[[ Material shown open ]]

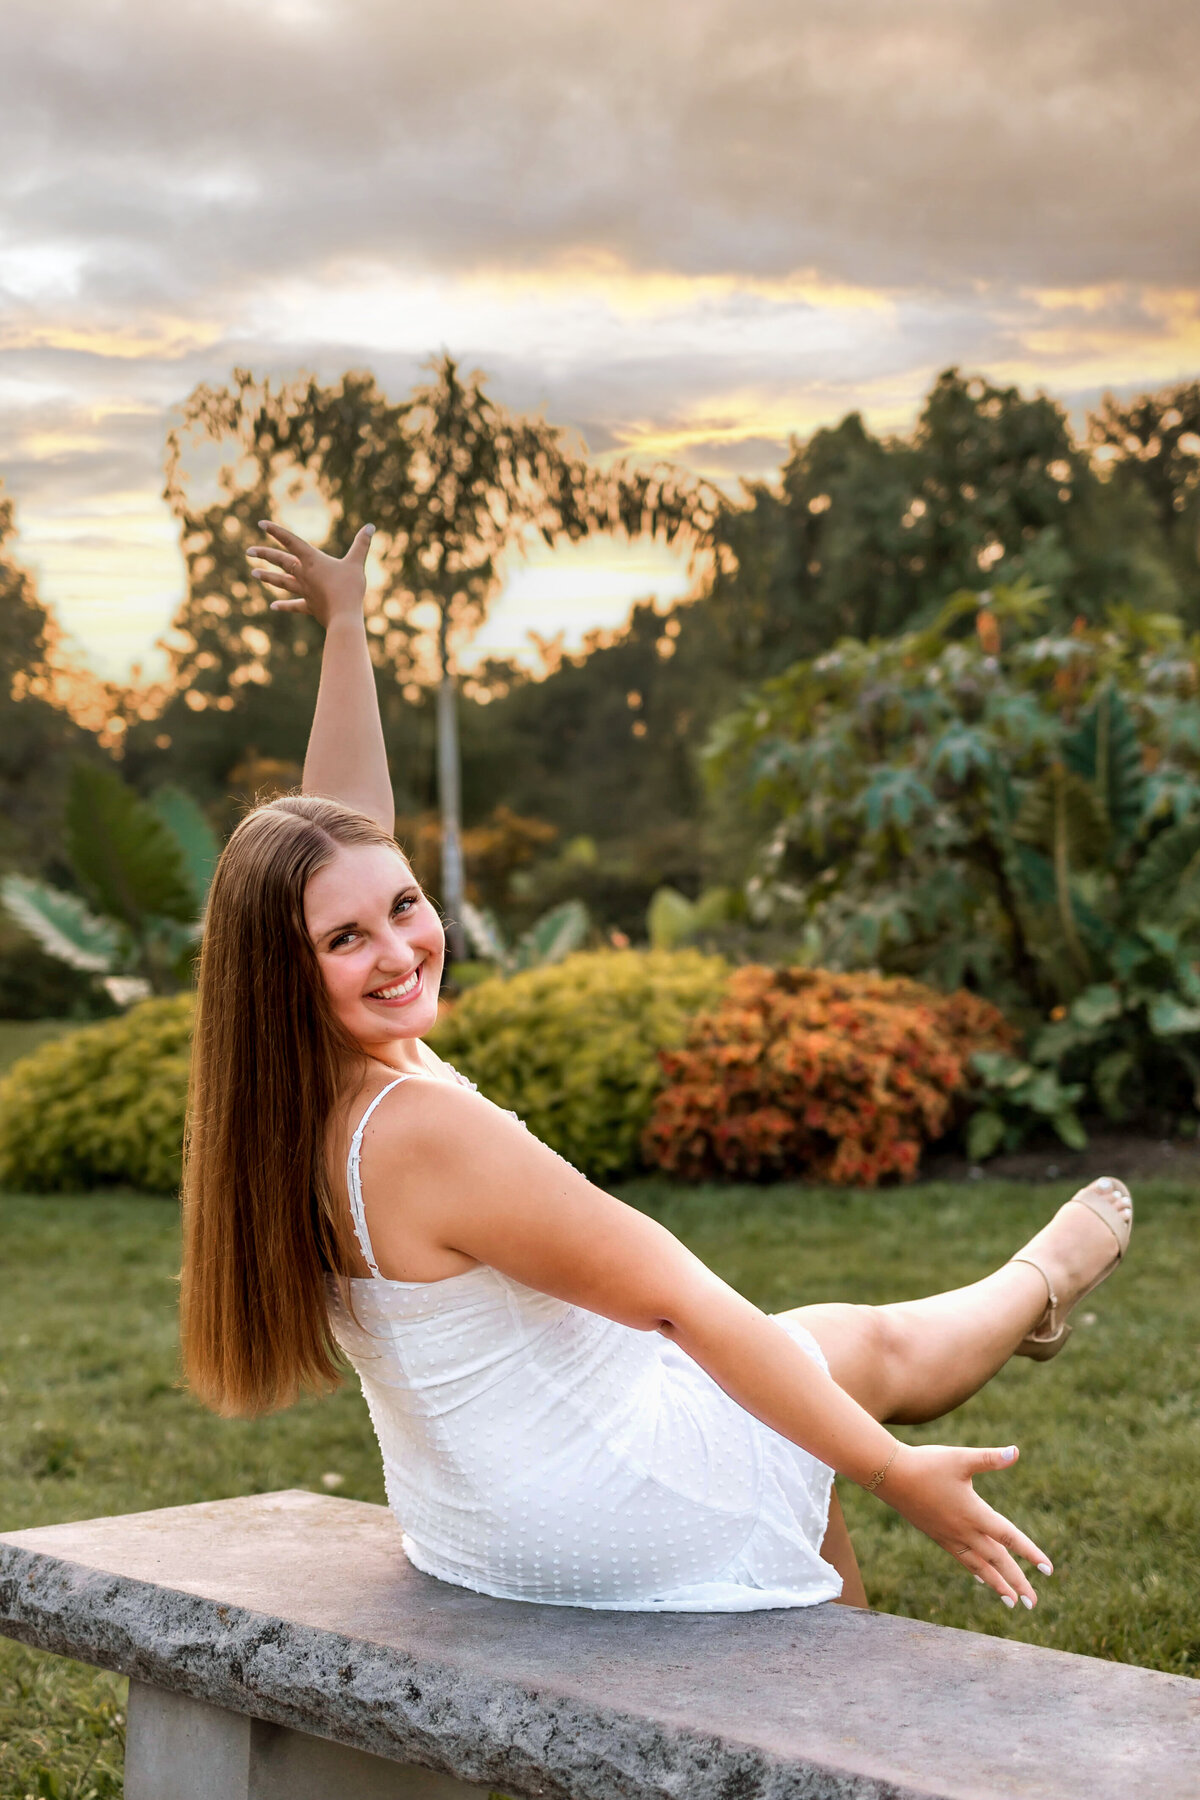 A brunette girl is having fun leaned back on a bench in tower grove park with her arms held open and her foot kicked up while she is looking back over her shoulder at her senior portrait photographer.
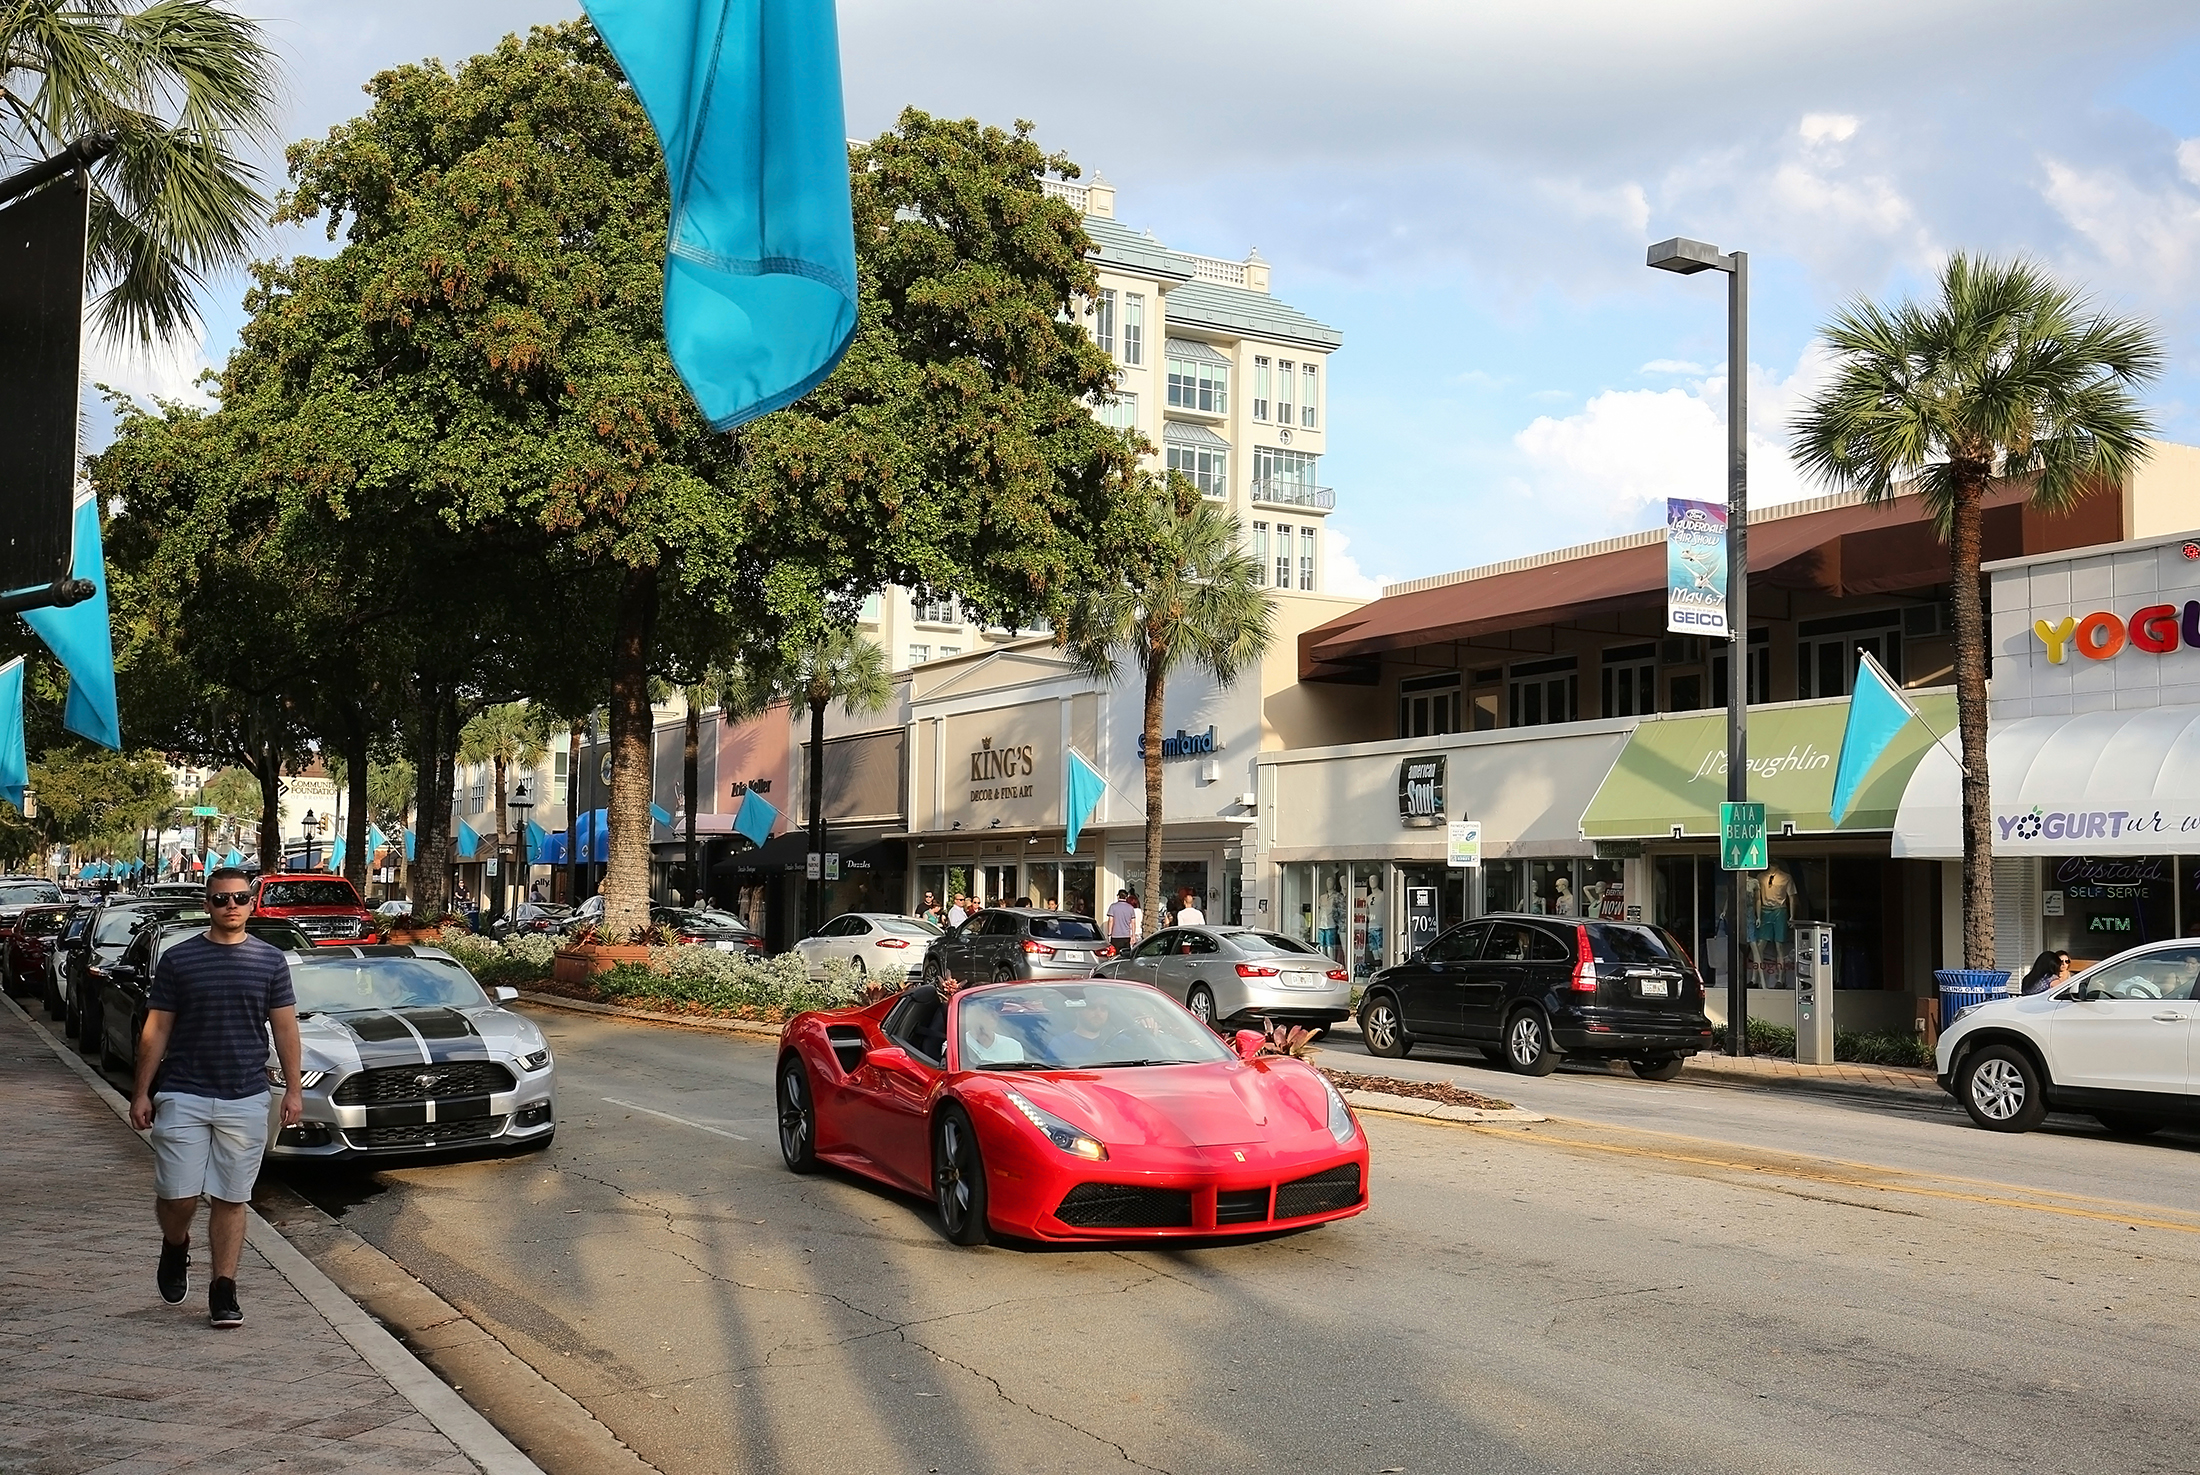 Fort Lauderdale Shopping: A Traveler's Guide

[[ Material shown closed ]]
[[ Material shown open ]]

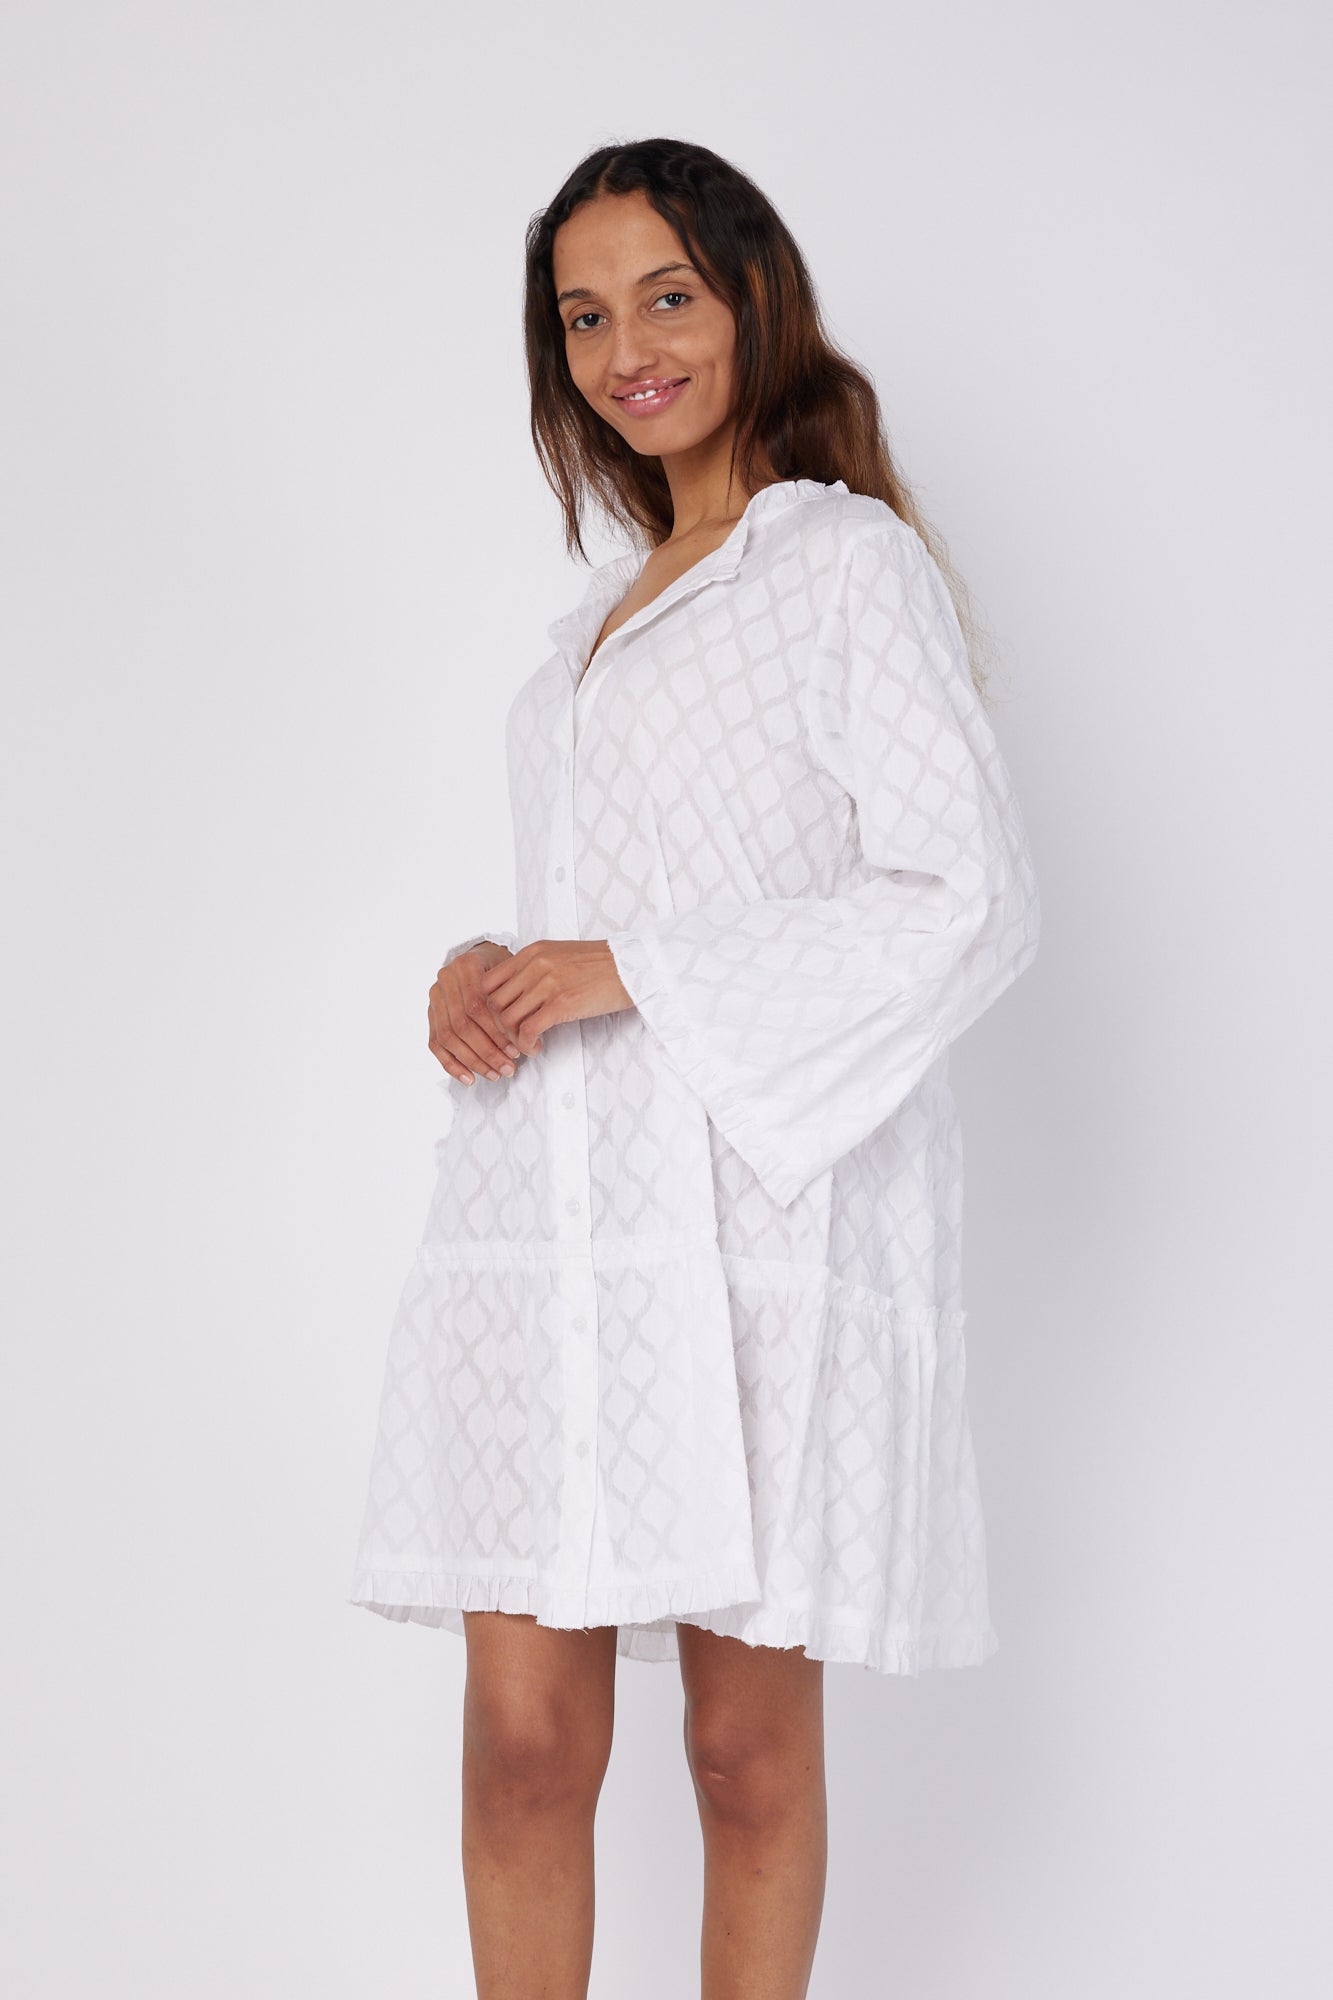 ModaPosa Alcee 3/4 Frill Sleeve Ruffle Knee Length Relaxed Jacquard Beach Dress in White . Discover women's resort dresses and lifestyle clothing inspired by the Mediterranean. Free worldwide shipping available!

[[ Material shown closed ]]
[[ Material shown open ]]

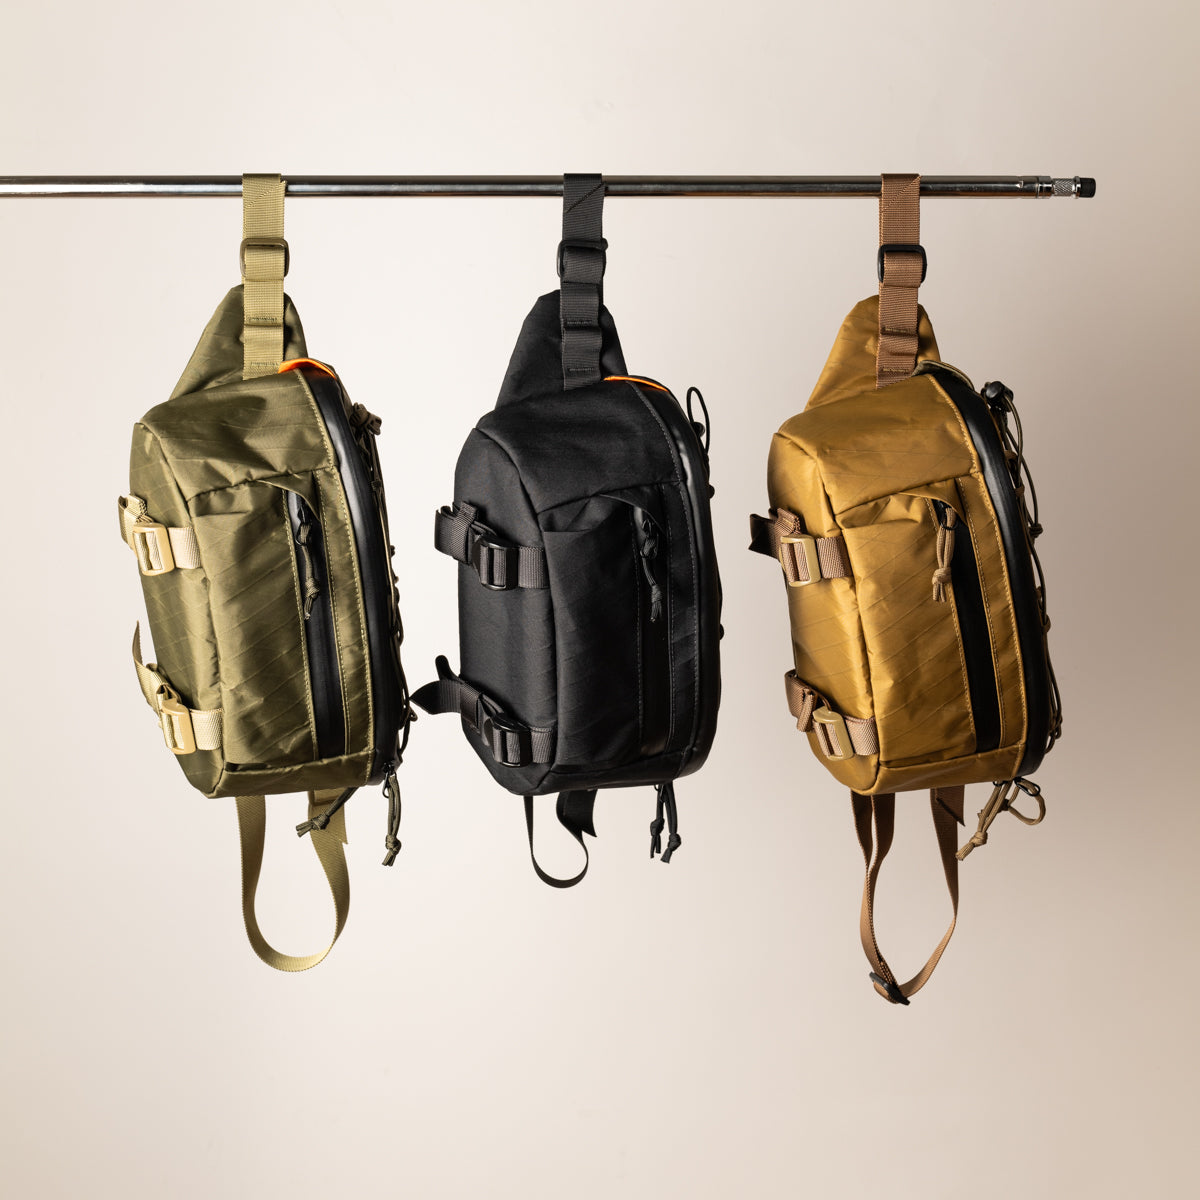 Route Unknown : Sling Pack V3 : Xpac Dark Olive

[[ Material shown closed ]]

Work task:
Would you set down only the lines above from the line with "A brunette girl" to the line with "Fort Lauderdale Shopping: A Traveler's Guide", both included, exactly as they stand and without the pictures?

Result of this task:
 A brunette girl is having fun leaned back on a bench in tower grove park with her arms held open and her foot kicked up while she is looking back over her shoulder at her senior portrait photographer.
 Fort Lauderdale Shopping: A Traveler's Guide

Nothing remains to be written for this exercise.